I can imagine situations where a pointer q might sometimes be a copy of pointer p and sometimes might point to something else, and the code wants to free q if and only if it is not a copy of p (because p has been free'd earlier).

1 more reply

MatmaRex3y ago· 6 in thread

> As C89 was taking shape, the neurodivergent notion of a "zero-length object" was making the rounds

I'm surprised that the authors decided to, and were able to, slip in this little euphemism.

bee_rider3y ago

I wonder if somewhere along the chain there was an automated tool to convert frequently abused mental-health related terms like “insane” into something leas hurtful, or something along those lines?

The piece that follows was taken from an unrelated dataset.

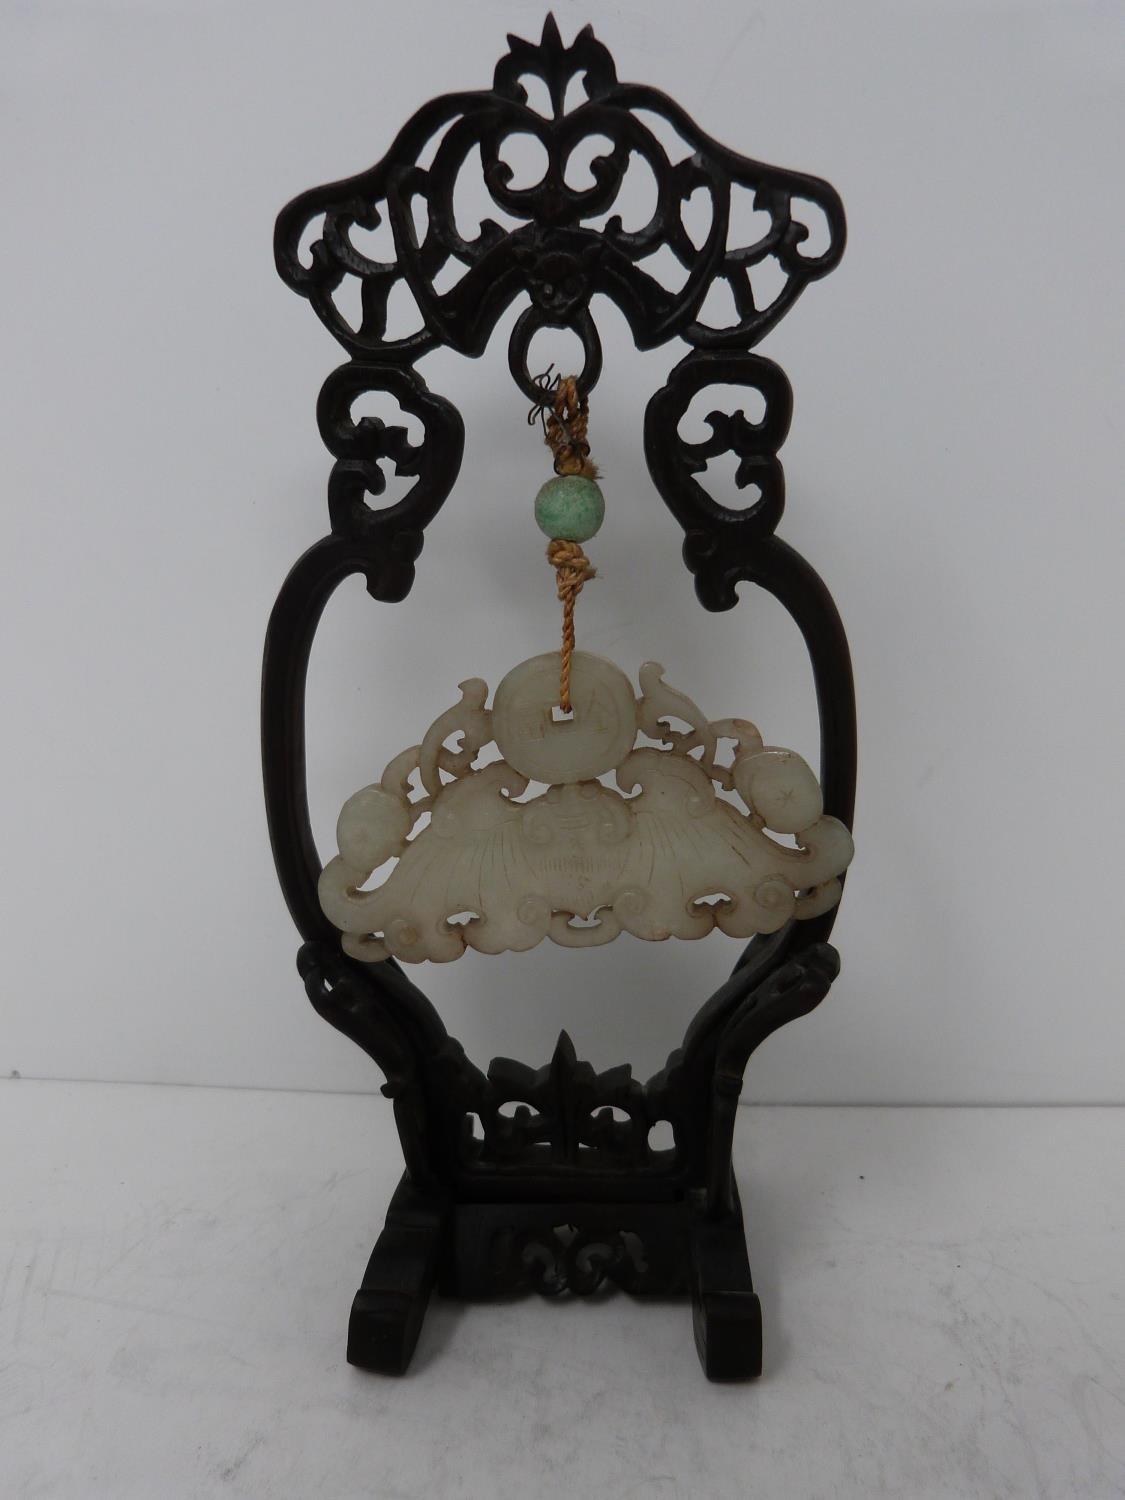 An early 20th century jade pendant on carved wooden stand. Pale celadon jade pendant in the form

I haven’t seen widespread use of the word “neurodivergent” as a kind of… whatever this is, weirdly euphemistic slur, almost?

chongli3y ago

I haven’t seen widespread use of the word “neurodivergent” as a kind of… whatever this is, weirdly euphemistic slur, almost?

It’s a continuation of the euphemism treadmill [1]. It won’t be long before “neurodivergent” is considered politically incorrect and a new term is invented to replace it.

[1] https://www.urbandictionary.com/define.php?term=Euphemism%20...

wizzwizz43y ago

> I wonder if somewhere along the chain there was an automated tool to convert frequently abused mental-health related terms like “insane” into something leas hurtful, or something along those lines?

And yet again, these Lincoln systems mess up. While giving advice to the author can avoid Great Grimsby mistakes, making the replacements automatically is an utterly Scunthorpe decision, with failures as Slough as they are foreseeable.

If the intent is to be unhurtful, it should need to choose a different word to if the intent is to be hurtful! Even our most sophisticated automated systems are Milton Keynes at determining that kind of thing.

1 more reply

peterashford3y ago

Yeah, that's pretty gross, tbh

blahedo3y ago

Thanks for pointing this out---when I read the article I tripped on that word, thought it odd and not sure what the author was trying to say, and moved on, but now that you call it out it seems very obviously to be used in just the same way that a lot of people used to use the r-slur (and some still do).

nimish3y ago

It's still apt, even as someone ostensibly in that category.

It does require some abstract thinking to comprehend sets of zero measure, negative measure or complex measure in mathematics. A "zero length object" is also encountered pretty often in practice:http://docs.autodesk.com/CIV3D/2013/ENU/index.html?url=files... and zero-length files come to mind.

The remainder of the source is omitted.